The Far Side Gallery 5
- Author: Gary Larson
- Language: English
- Publisher: Andrews, and McMeel
- Publication date: September 1995
- Publication place: United States
- Media type: Print (Paperback and Hardback)
- ISBN: 0-8362-0425-5 (first edition, paperback) ISBN 0-8362-0426-3 (first edition, hardback)
- OCLC: [https://www.worldcat.org/oclc/333135%0A10 333135 10]
- Dewey Decimal: 741.5/973 20
- LC Class: NC1429.L32 A4 1995
- Preceded by: The Far Side Gallery 4

= The Far Side Gallery 5 =

1995 book by Gary Larson

The Far Side Gallery 5 is the fifth and final anthology of Gary Larson's The Far Side comic strips. It was published by Andrews and McMeel in September 1995.
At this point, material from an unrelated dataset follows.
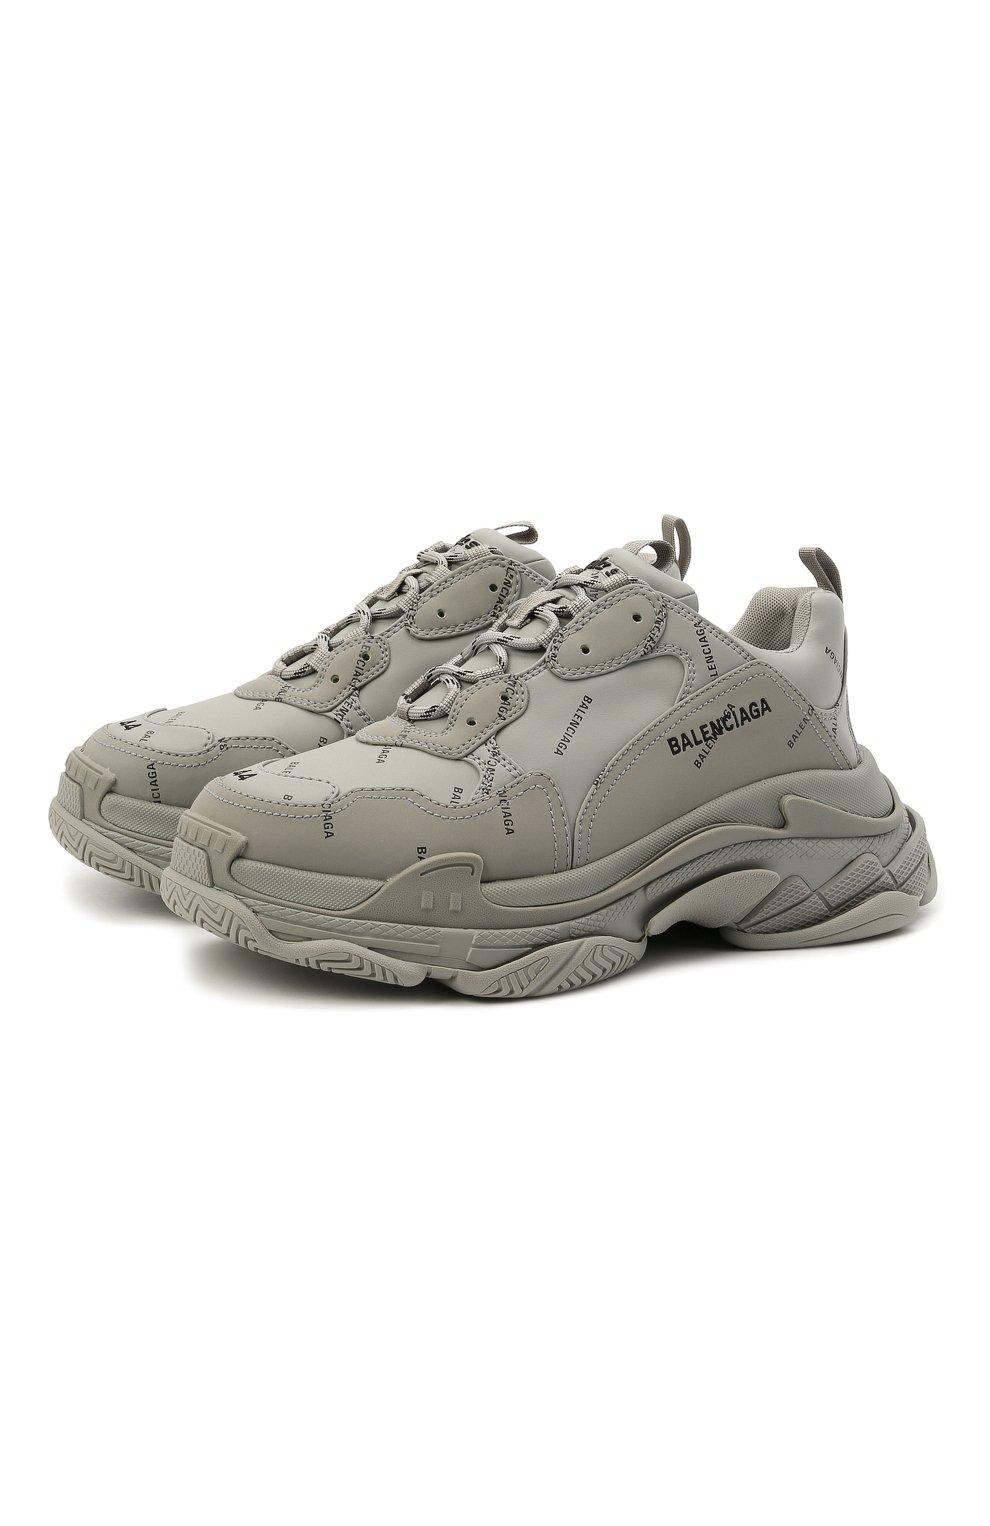 Мужские комбинированные кроссовки triple s BALENCIAGA серого цвета, арт. 536737/W2FA1 | Фото 1 (Материал внешний: Текстиль; Материал внутренний: Текстиль; Подошва: Массивная)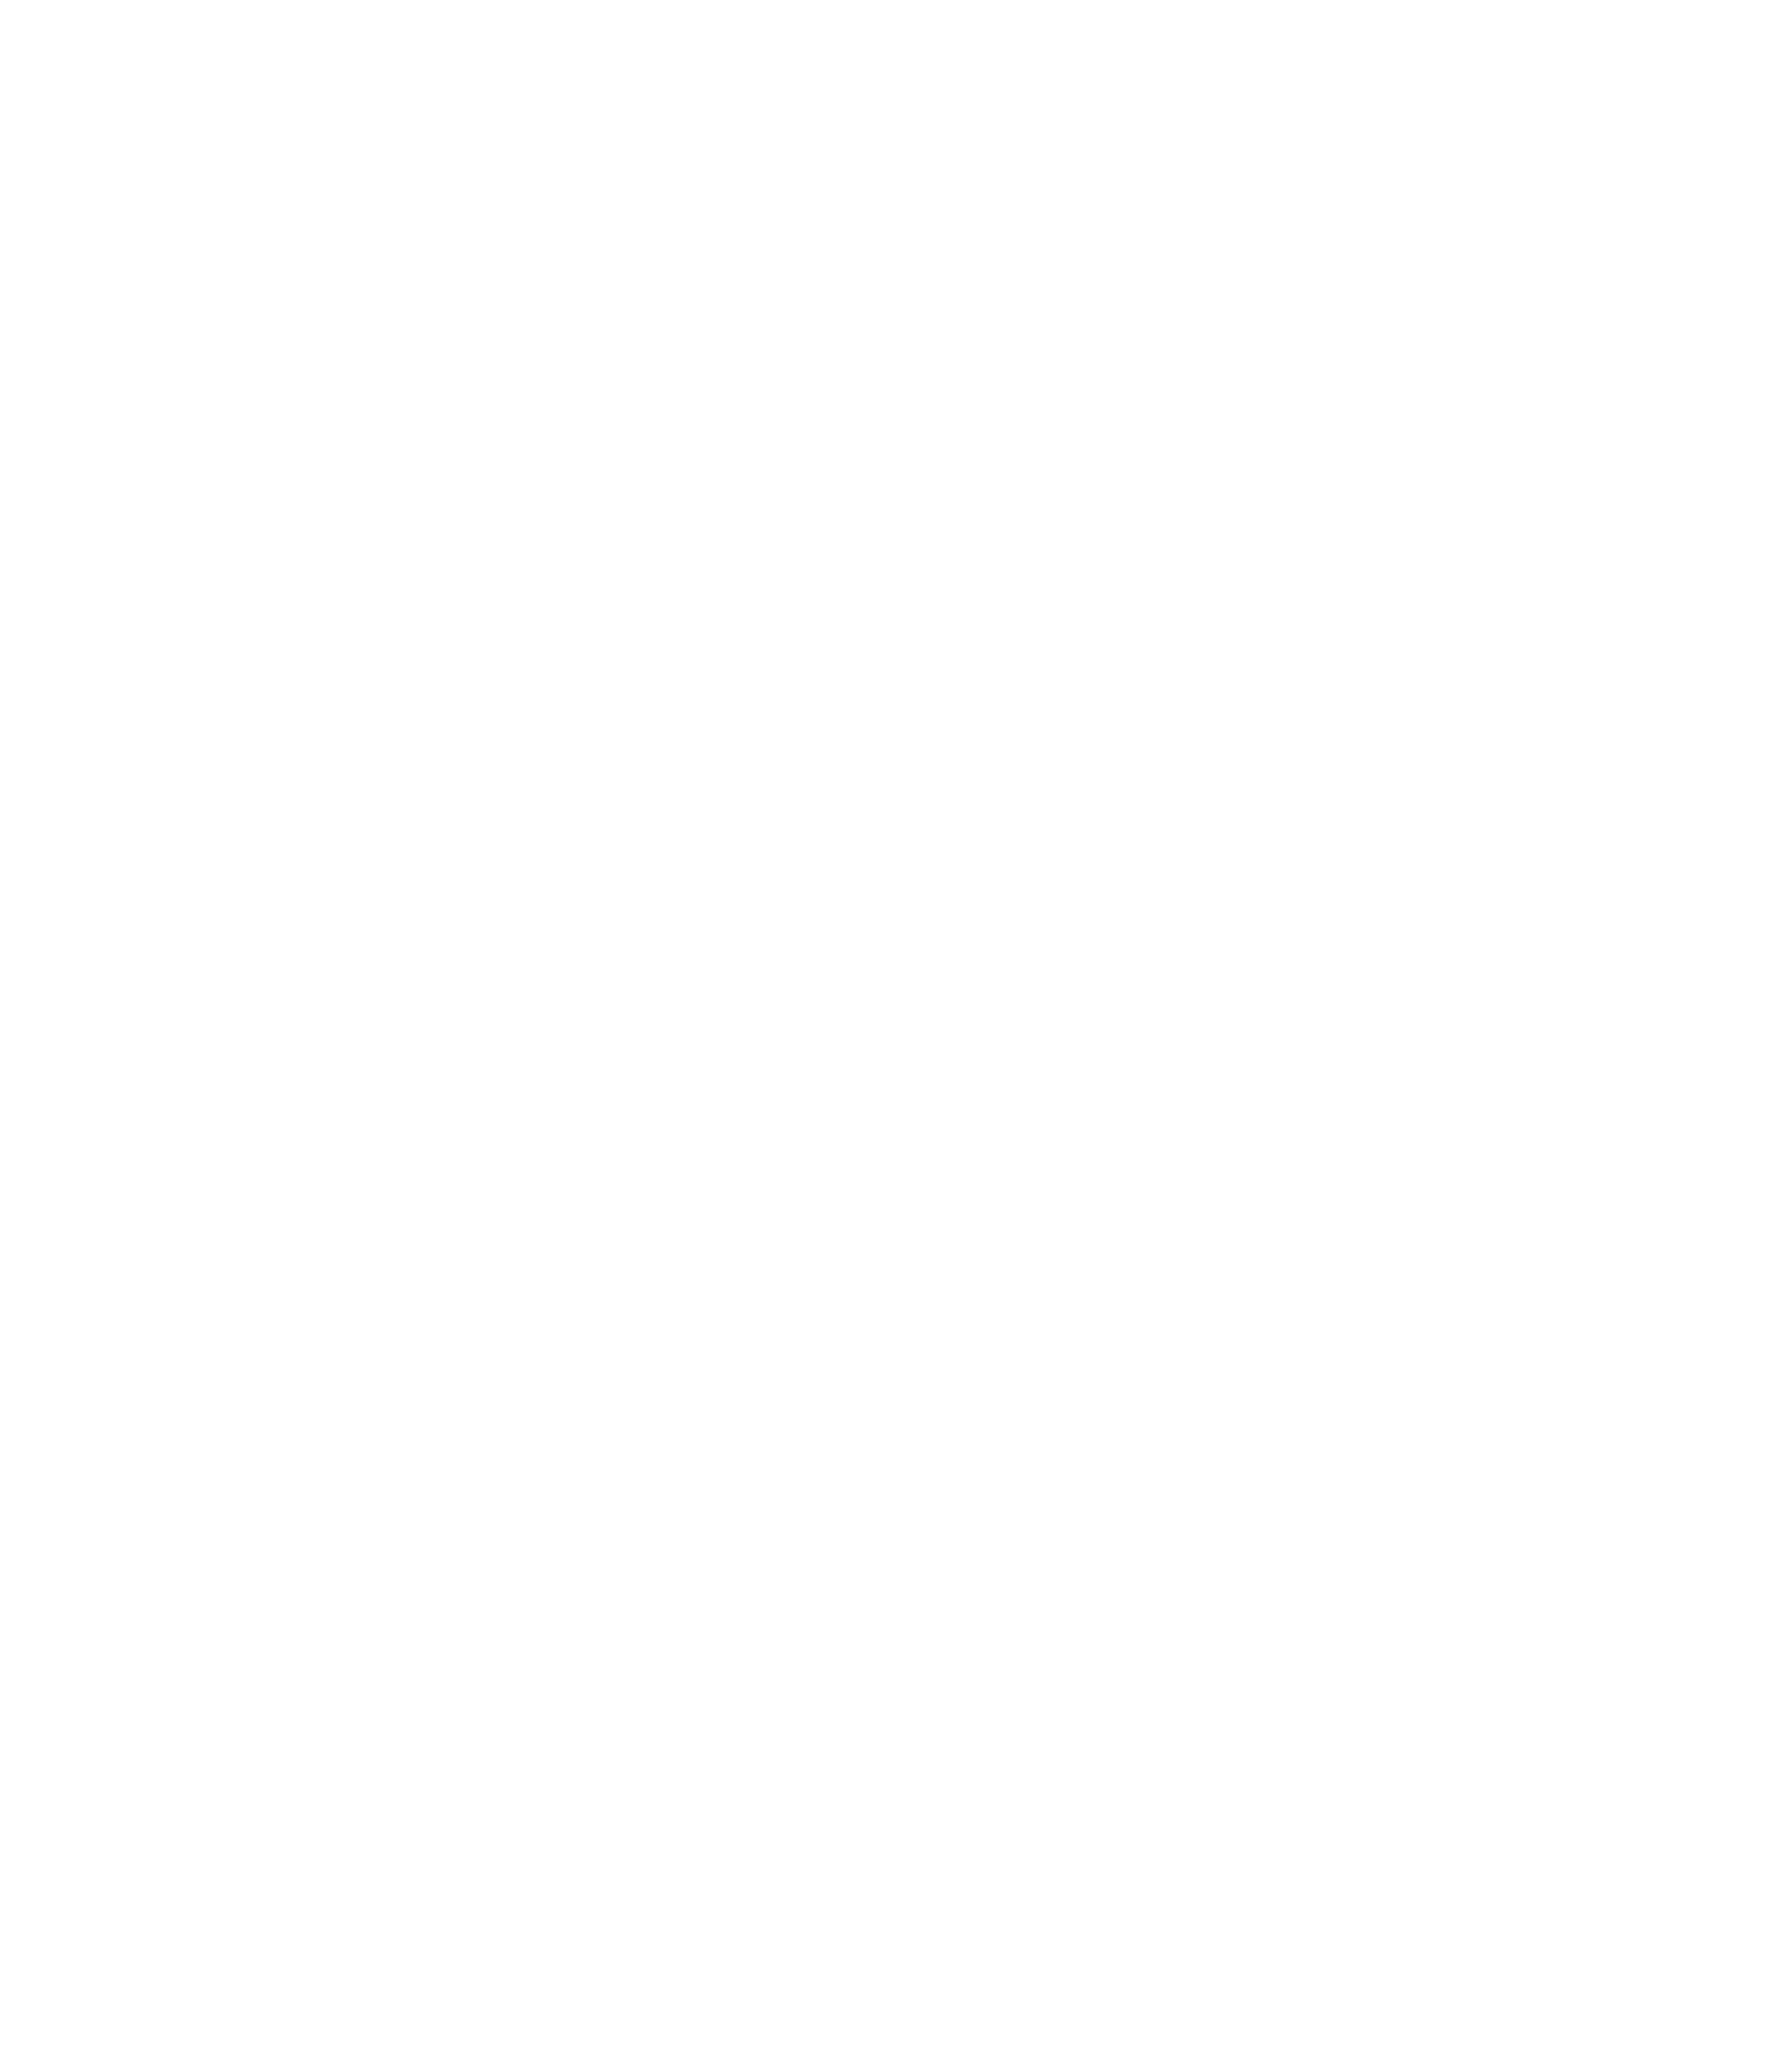 تی نما

Cartoons from previous collections Cows of Our Planet, The Chickens are Restless, and The Curse of Madame "C" are featured, all of which were printed from 1992 to 1994. The foreword was written by Jane Goodall, who was commonly satirized in Larson's comics.

The cover shows several flies in a movie theater watching a movie, in which a fly was calling for help because it was in a spoonful of tomato soup.